Task input:
▬▬▬

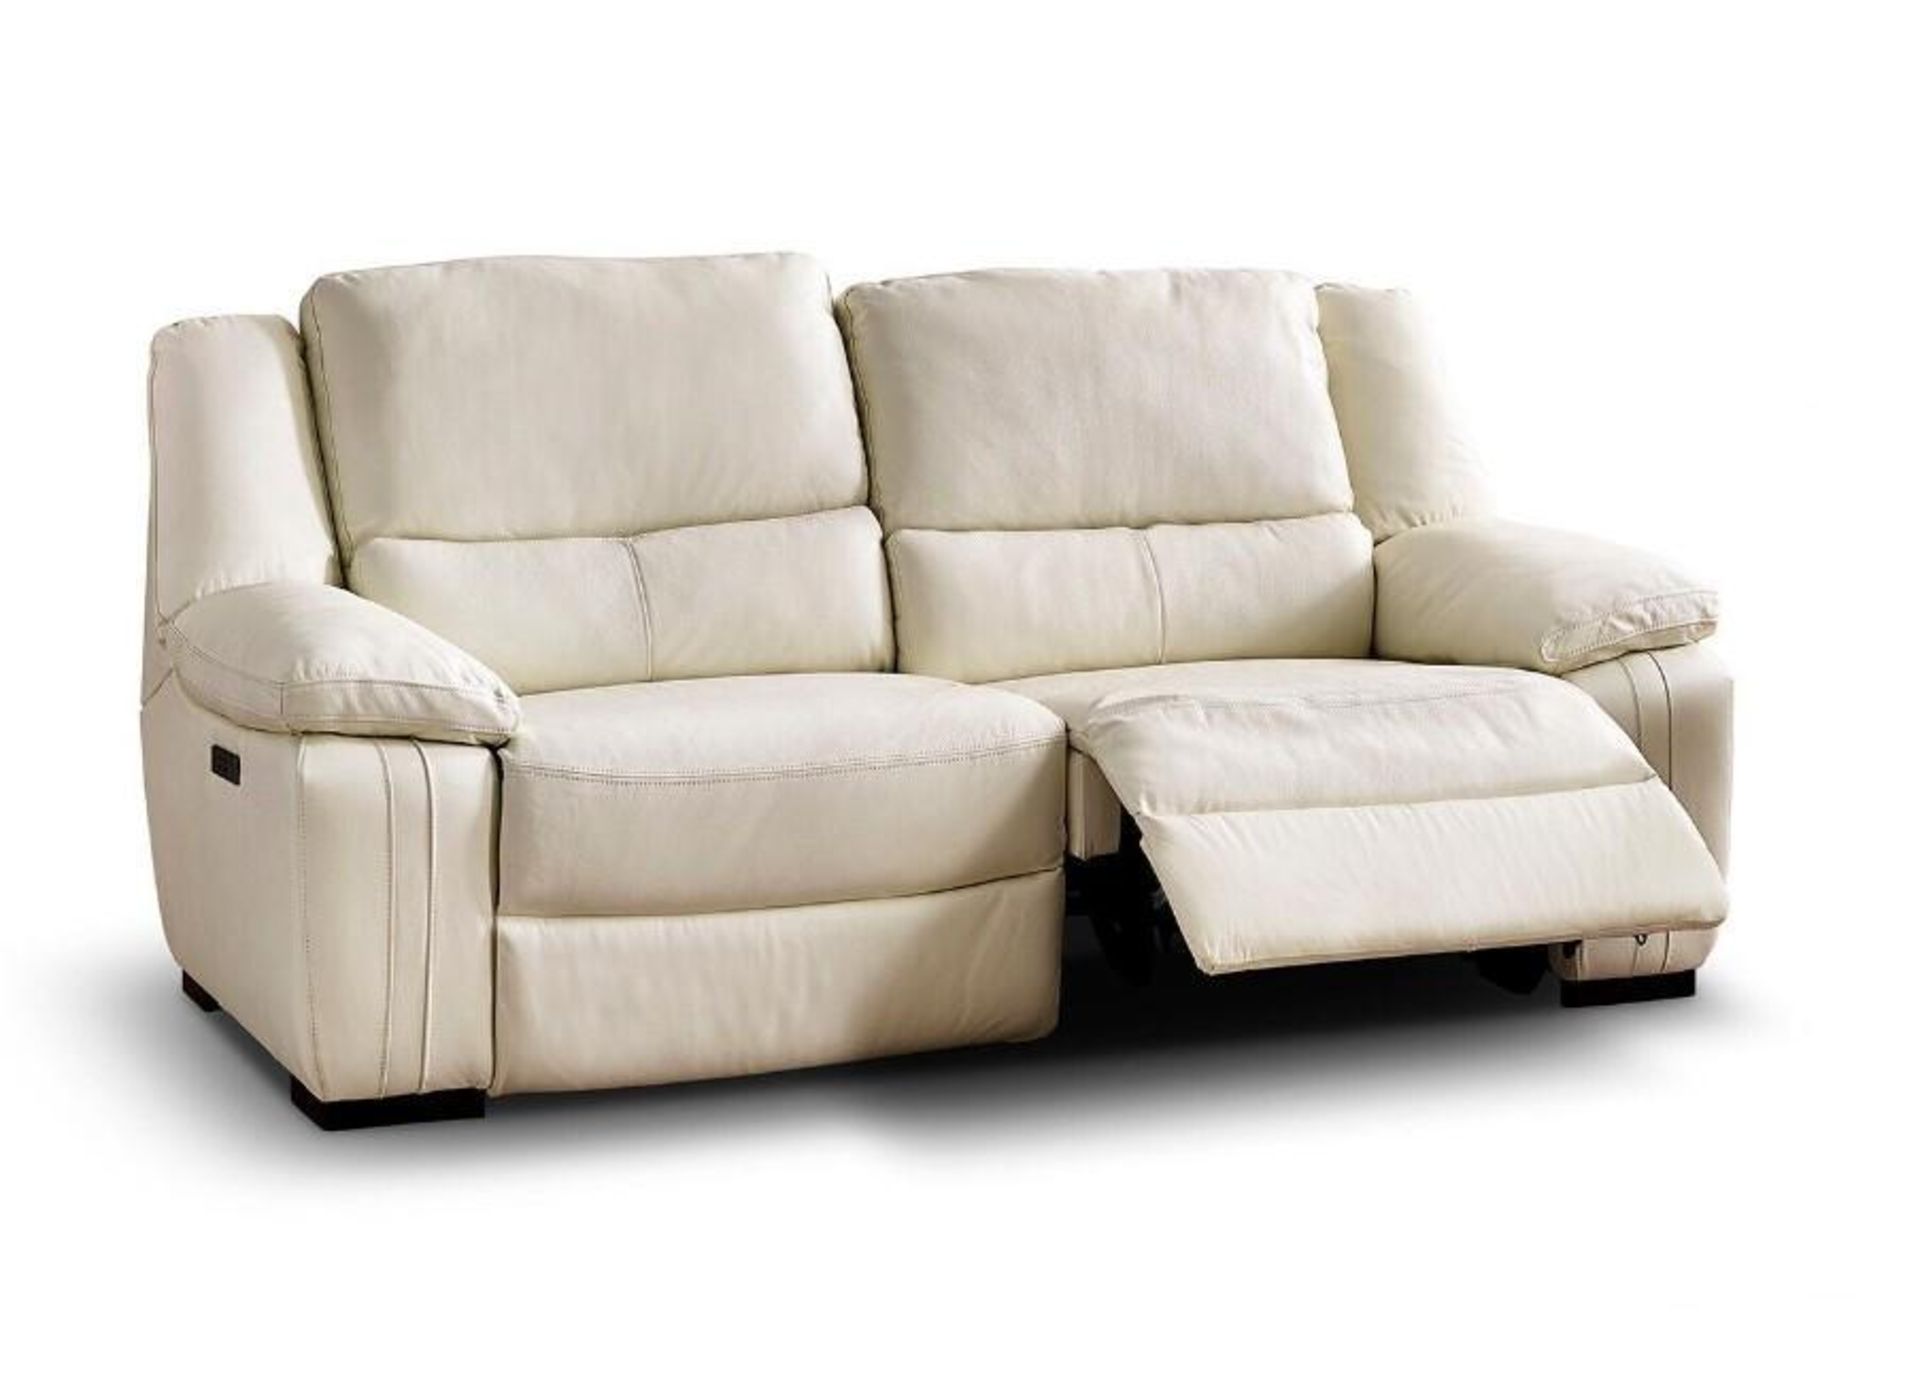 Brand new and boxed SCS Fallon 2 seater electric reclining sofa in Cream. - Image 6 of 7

▬▬▬

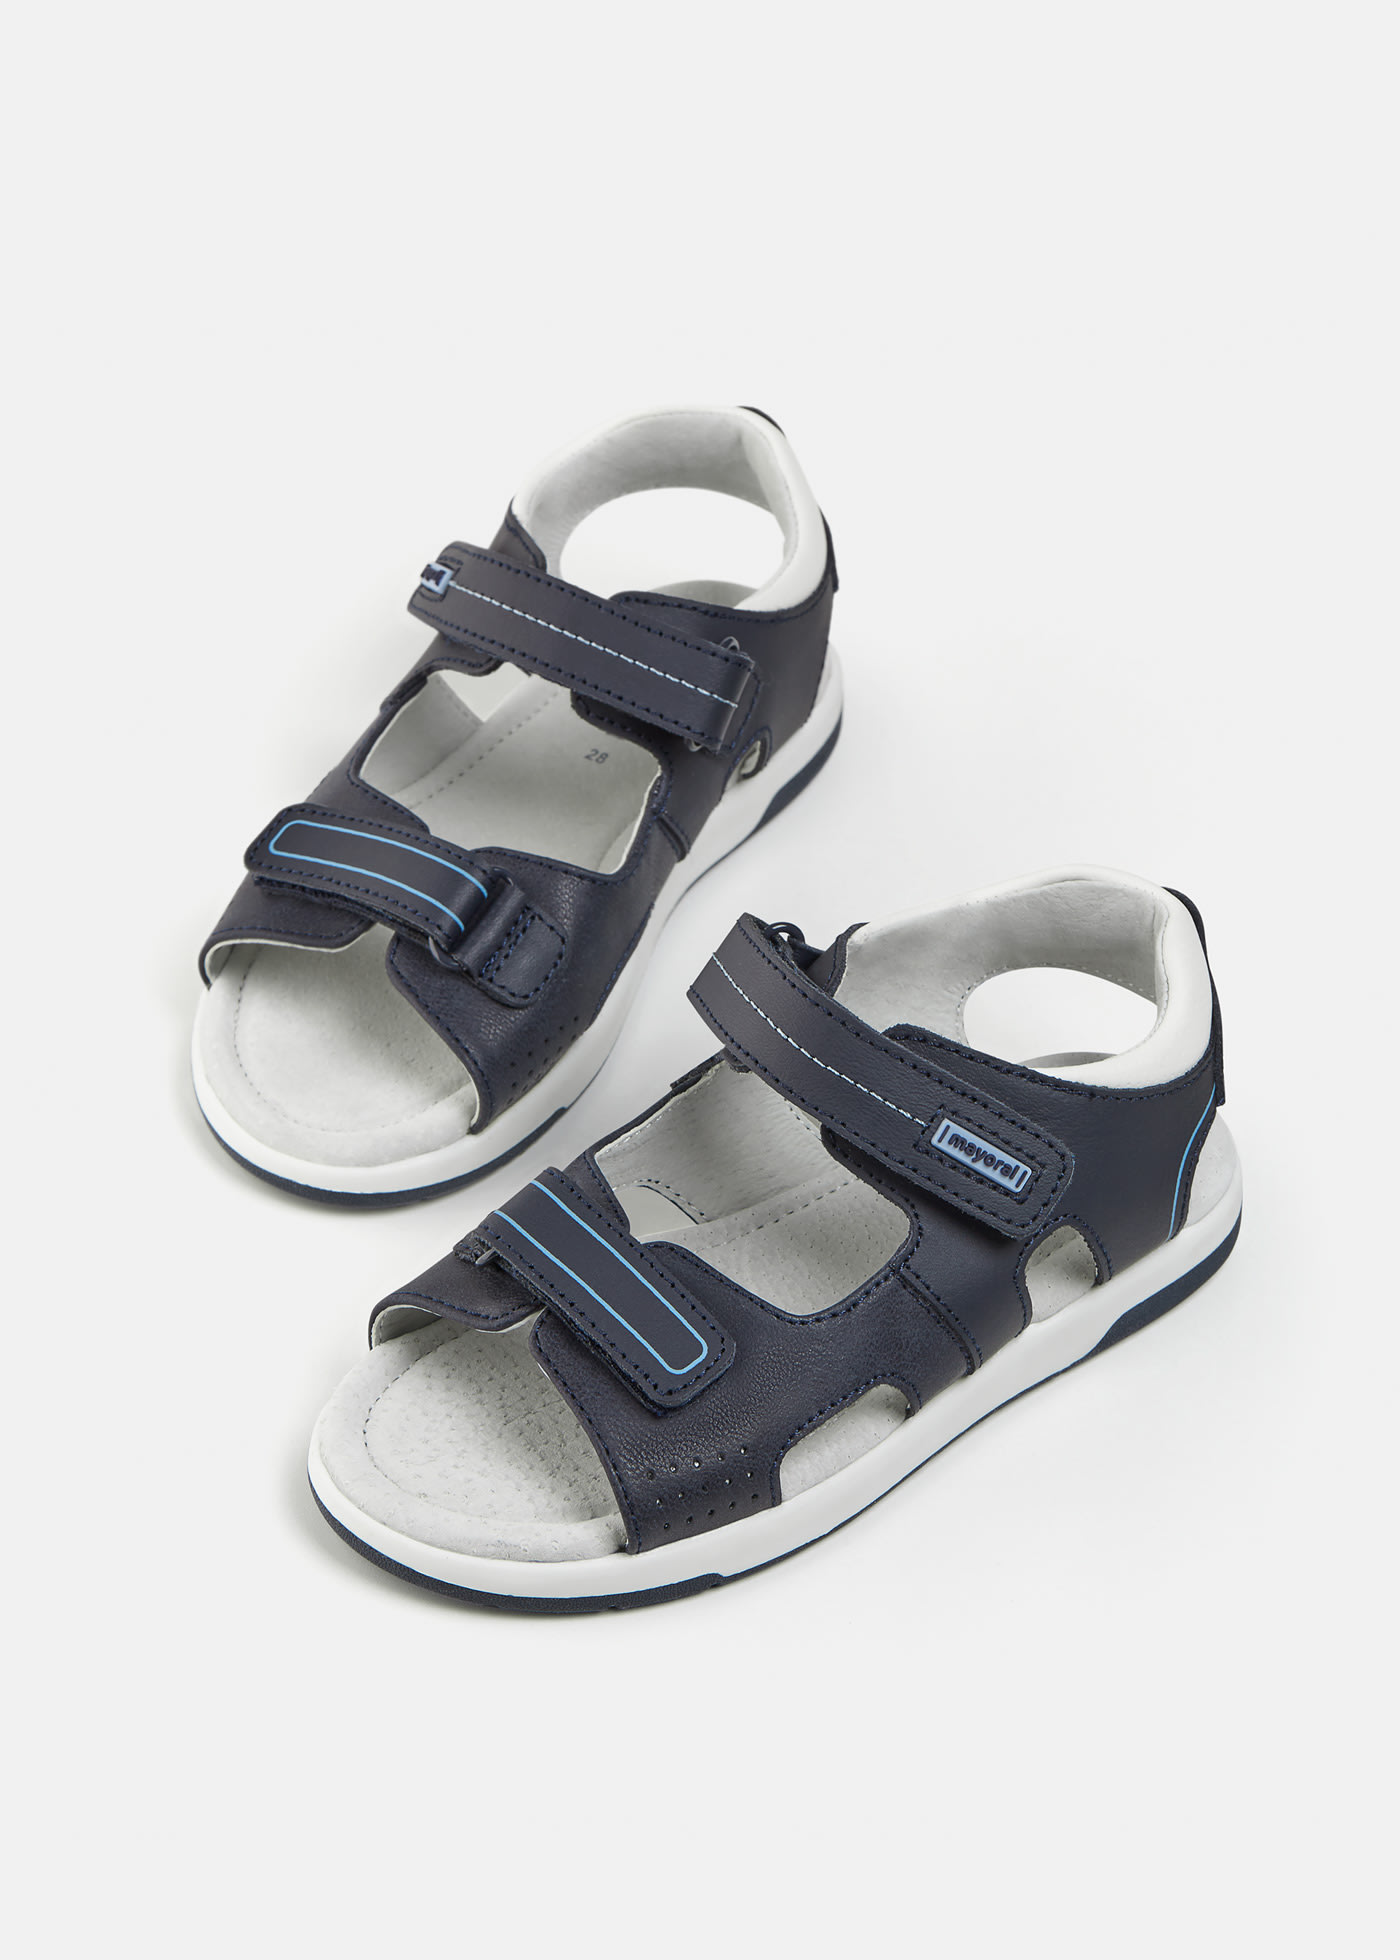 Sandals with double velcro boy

▬▬▬

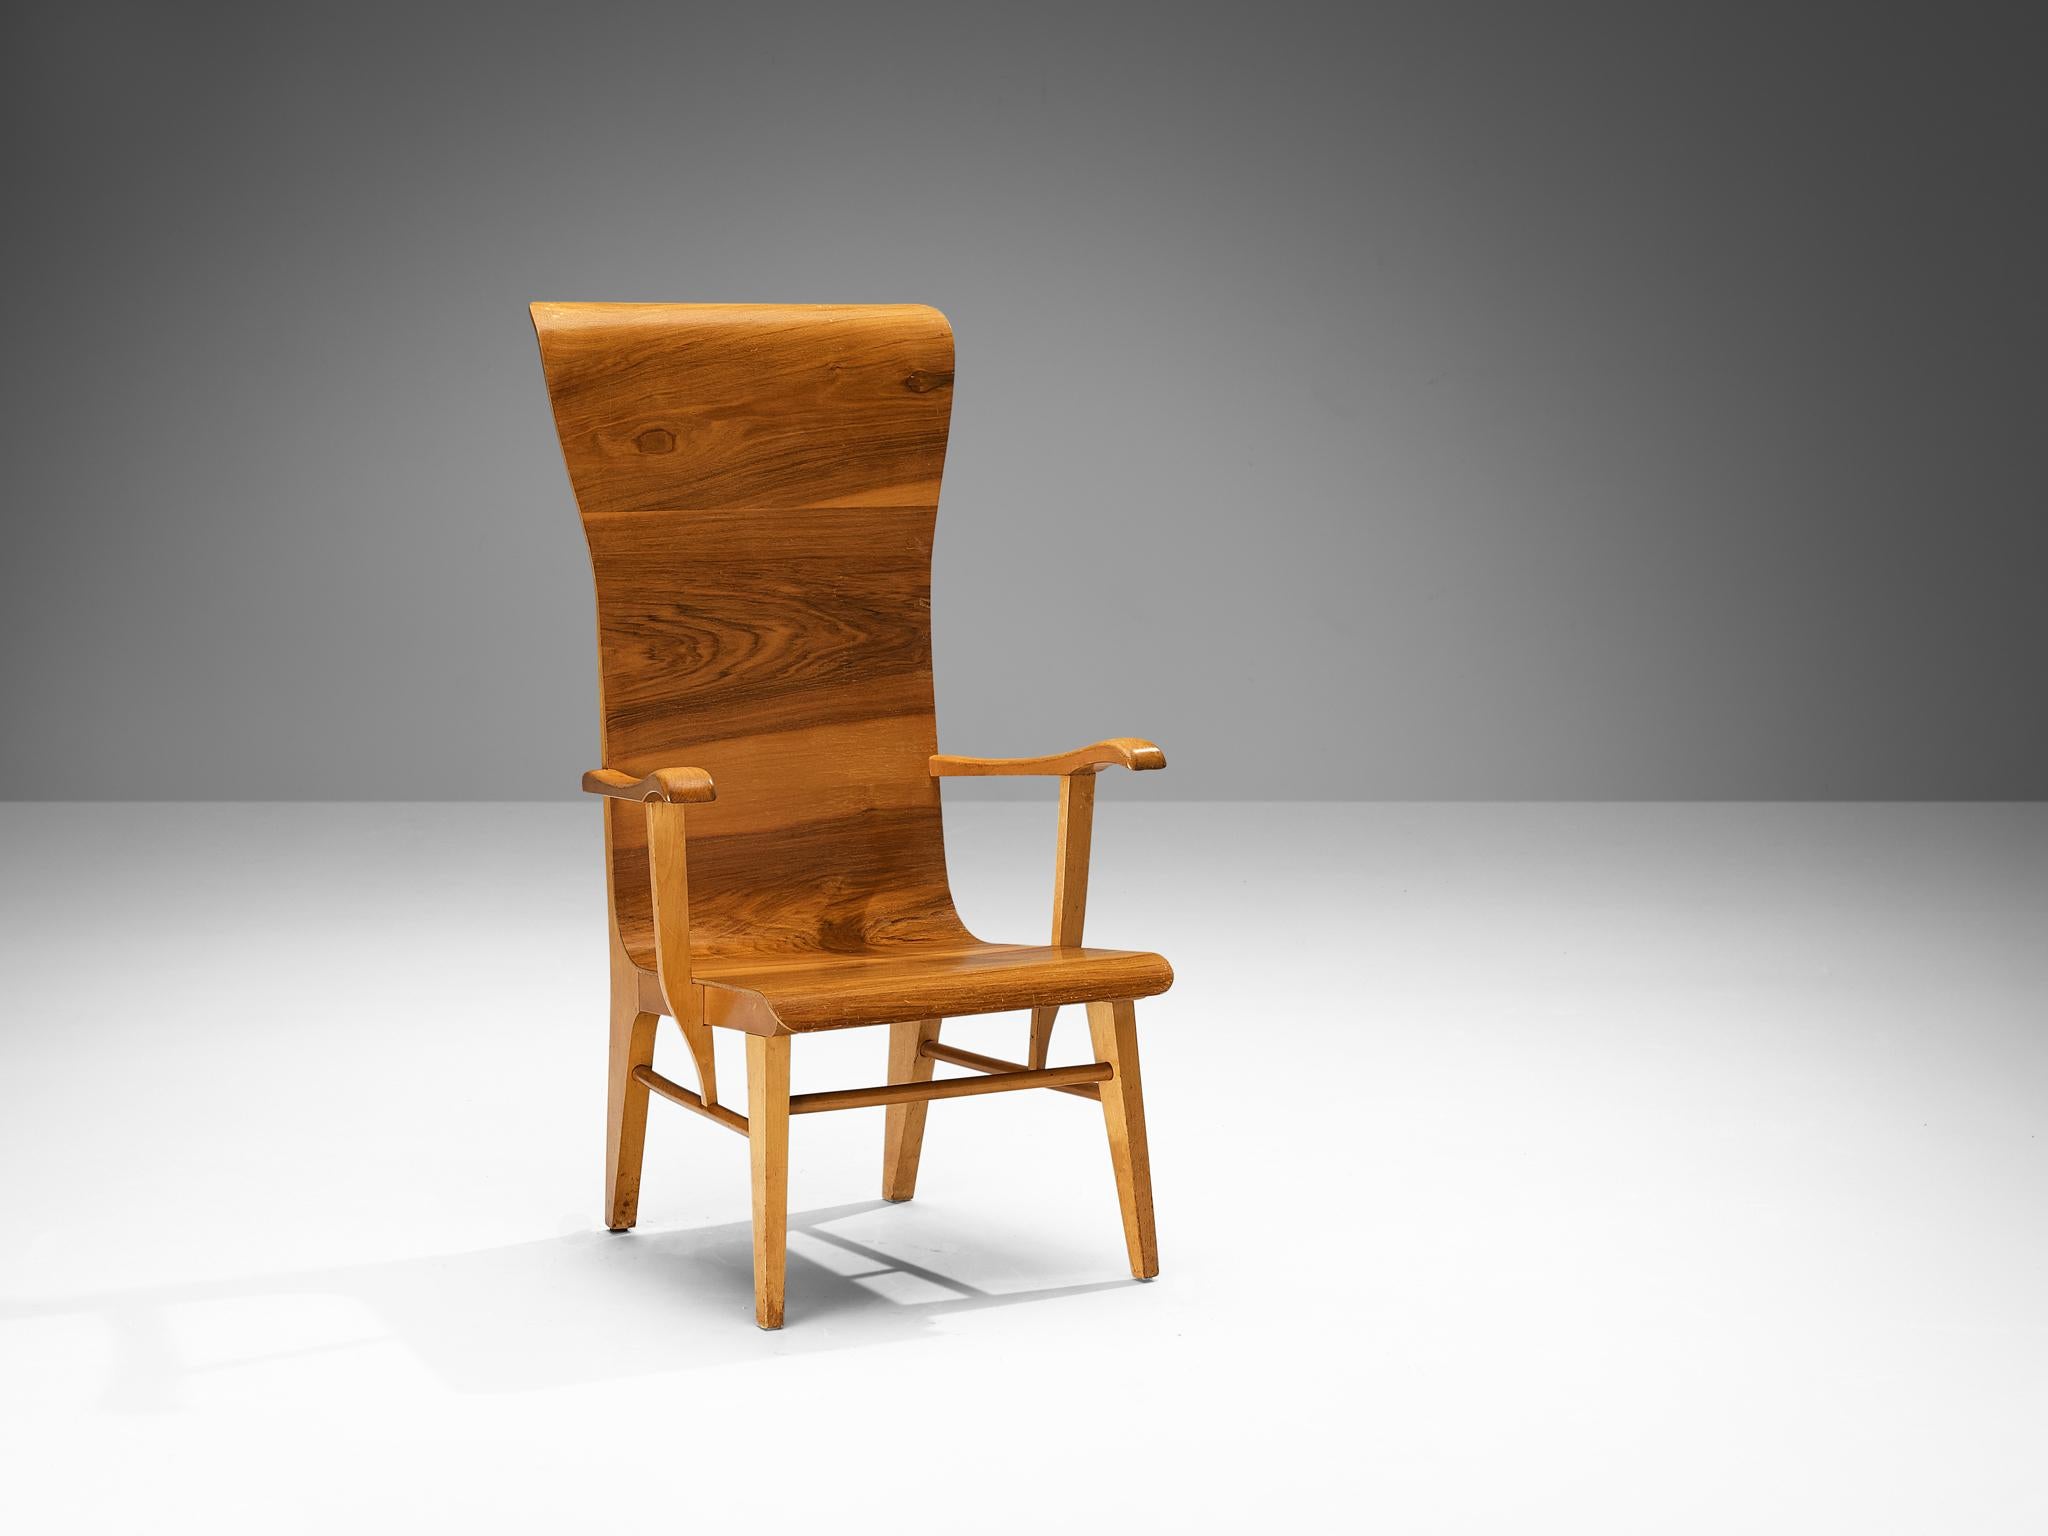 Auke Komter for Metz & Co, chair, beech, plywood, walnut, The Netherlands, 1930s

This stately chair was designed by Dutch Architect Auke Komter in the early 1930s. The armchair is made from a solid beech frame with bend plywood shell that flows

▬▬▬

Assigned task: Go to the line above that has "Auke Komter for" and copy exactly from there down to the line that has "This stately chair", both included. Leave the pictures out.

The answer:
 Auke Komter for Metz & Co, chair, beech, plywood, walnut, The Netherlands, 1930s

This stately chair was designed by Dutch Architect Auke Komter in the early 1930s. The armchair is made from a solid beech frame with bend plywood shell that flows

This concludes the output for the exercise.